A tepid economic recovery should allow the U.S. Federal Reserve to keep interest rates at rock-bottom lows for a prolonged period, New York Federal Reserve President William Dudley said on Monday.

Because the U.S. economy faces many headwinds, including an anemic labor market and a fragile banking system, Dudley said, inflation will not become a problem in the foreseeable future.

The recovery will turn out to be moderate by historical standards, Dudley said in a speech at Fordham Law School. The banking system has still not fully recovered.

Given the vulnerability of financial institutions, falling commercial real estate values will continue to pressure profits, putting a damper on lending, said Dudley, whose role at the New York Fed includes direct supervision of banks.

Dudley's outlook for the economy was cautiously sanguine. He touted a rebound in financial markets that has seen major U.S. stock indexes surge more than 50 percent from their March lows, saying a virtuous cycle was replacing the vicious circles that brought the global financial system to the brink of collapse last year.

Dudley, who as head of the New York Fed is a permanent voting member of the U.S. central bank's policy-setting committee, said he believes that forecasts for a 3 percent rate of annualized economic growth in the second half of this year are reasonable. He said a so-called double-dip recession, where growth perks up only to turn negative again, is unlikely, particularly given the strength of many emerging economies.

Dallas Fed President Richard Fisher, speaking on PBS television, agreed that a double-dip recession is unlikely. Various economists have raised fears that the United States could sink into a double-dip recession.

I don't consider that a likely scenario right now, Fisher said in an interview on PBS's The Nightly Business Report. I do think we're going to have to be tolerant with slower growth than we're used to.

ECONOMIC SLACK GALORE

Despite the prospect for a resumption of growth, Dudley said many factors are likely to keep the economy operating below its full potential in the near future, which should help to keep inflation at bay.

The unemployment rate is much too high. This means the economy has significant excess slack and implies that we face meaningful downside risks to inflation over the next two years, said Dudley, a former economist at Goldman Sachs.

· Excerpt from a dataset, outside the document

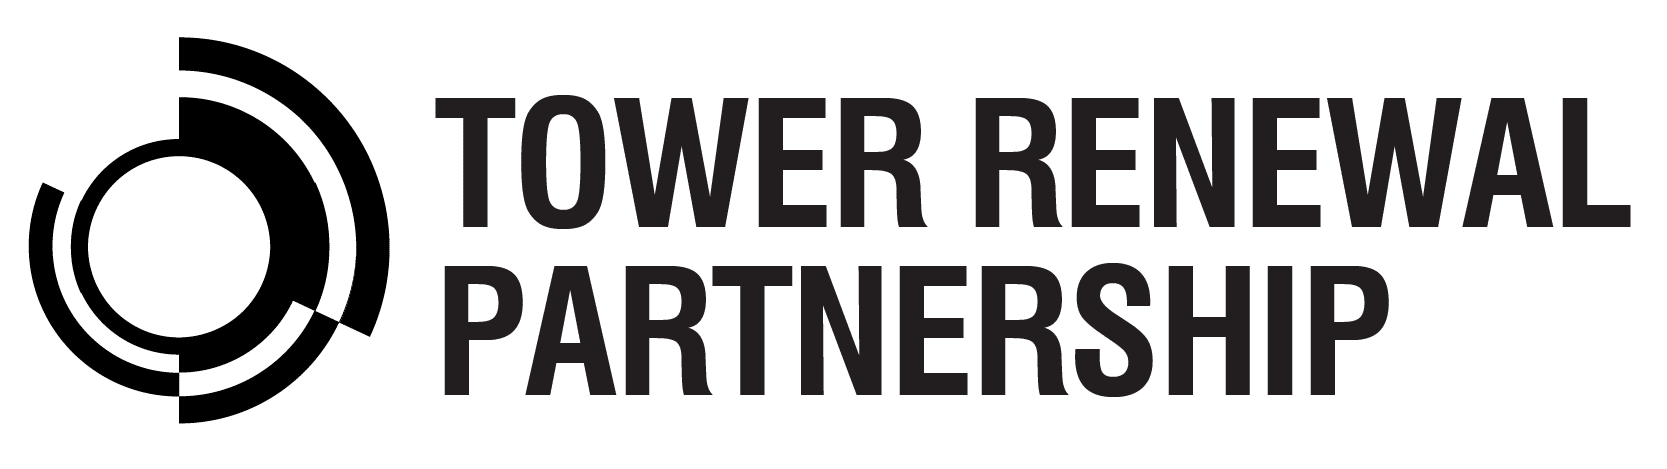 Tower Renewal Partnership Logo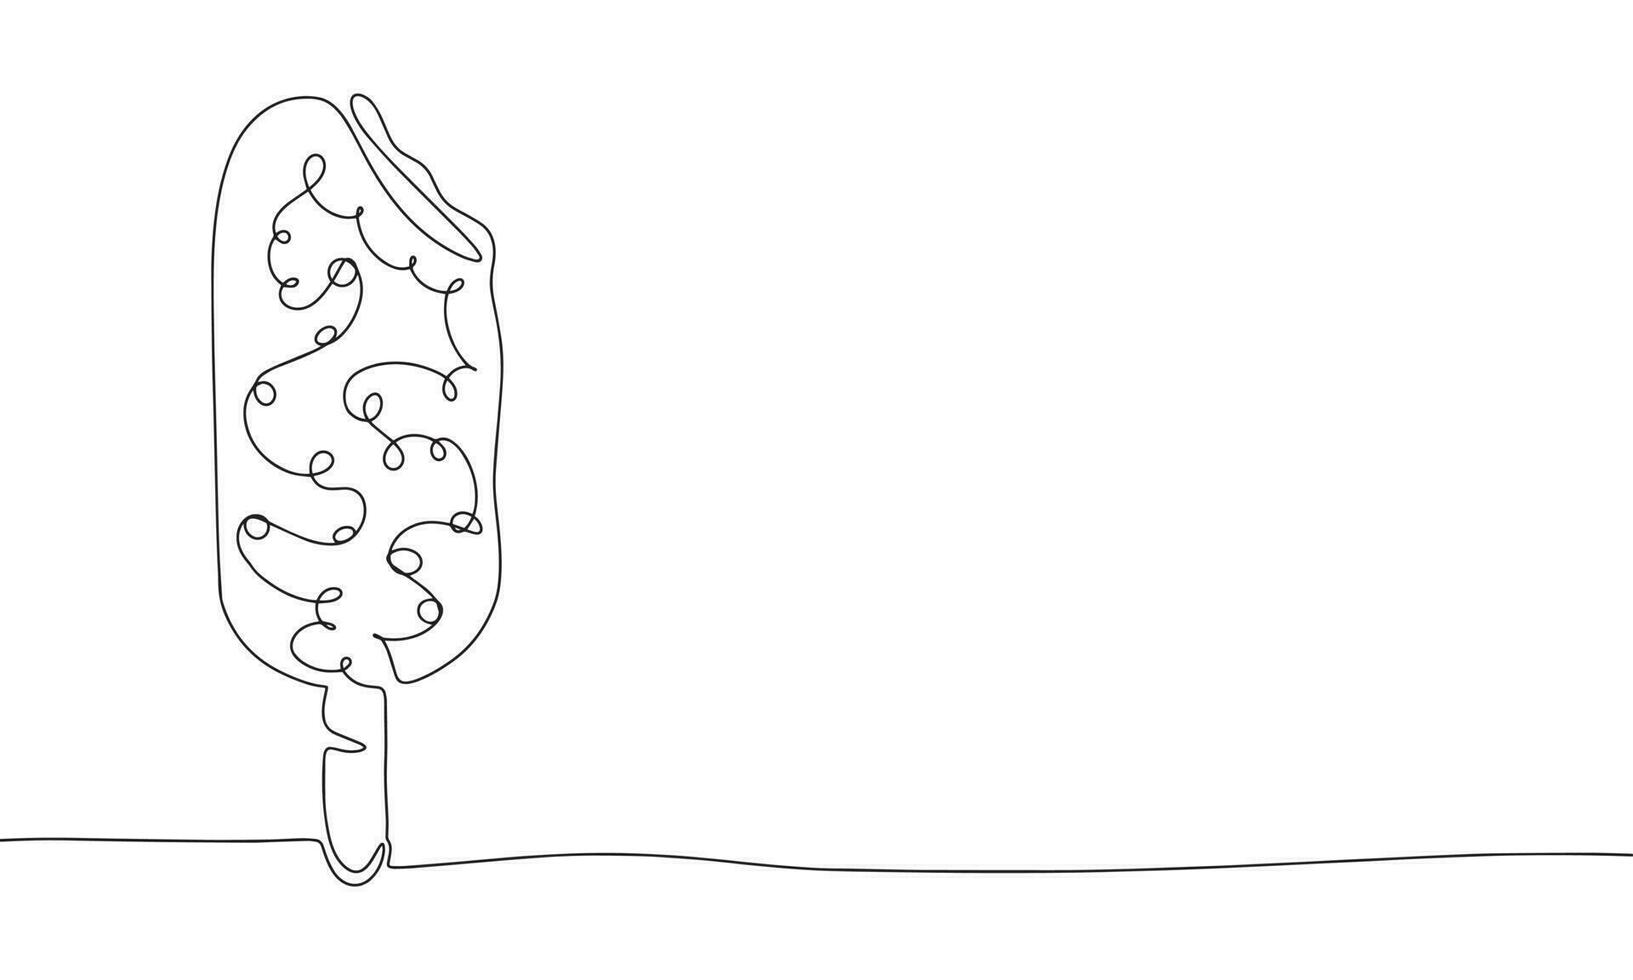 Eis Sahne wie einer Linie Zeichnung Banner. kontinuierlich Hand gezeichnet minimalistisch Minimalismus Design isoliert auf Weiß Hintergrund Vektor Illustration.

The trick for policymakers, he added, is to keep monetary policy at its highly stimulative stance without boosting inflation expectations of consumers and investors.

The best way to do that, argued Dudley, is to make a clear case for the Fed's ability to tighten policy, even with central bank credit to the banking system -- also known as the institution's balance sheet -- flirting with record highs above $2 trillion.

Faced with the worst financial crisis since the Great Depression, the Fed sharply ramped up its lending to financial institutions, launching a number of emergency lending facilities aimed at reviving interbank lending.

Dudley maintained that such largess can be easily reversed by new Fed tools like the ability to pay interest on bank reserves. By raising that rate, the Fed can discourage lending if it believes it has picked up to the point of presenting an inflation risk.

If that strategy fails, the Fed is working on other measures -- like reverse repurchase agreements and a term deposit facility -- that could rein in credit in the economy, said Dudley.

A more drastic option is also available, although it would not come without the risk of destabilizing markets.

The Federal Reserve could always drain reserves the old-fashioned way, by selling assets, Dudley said.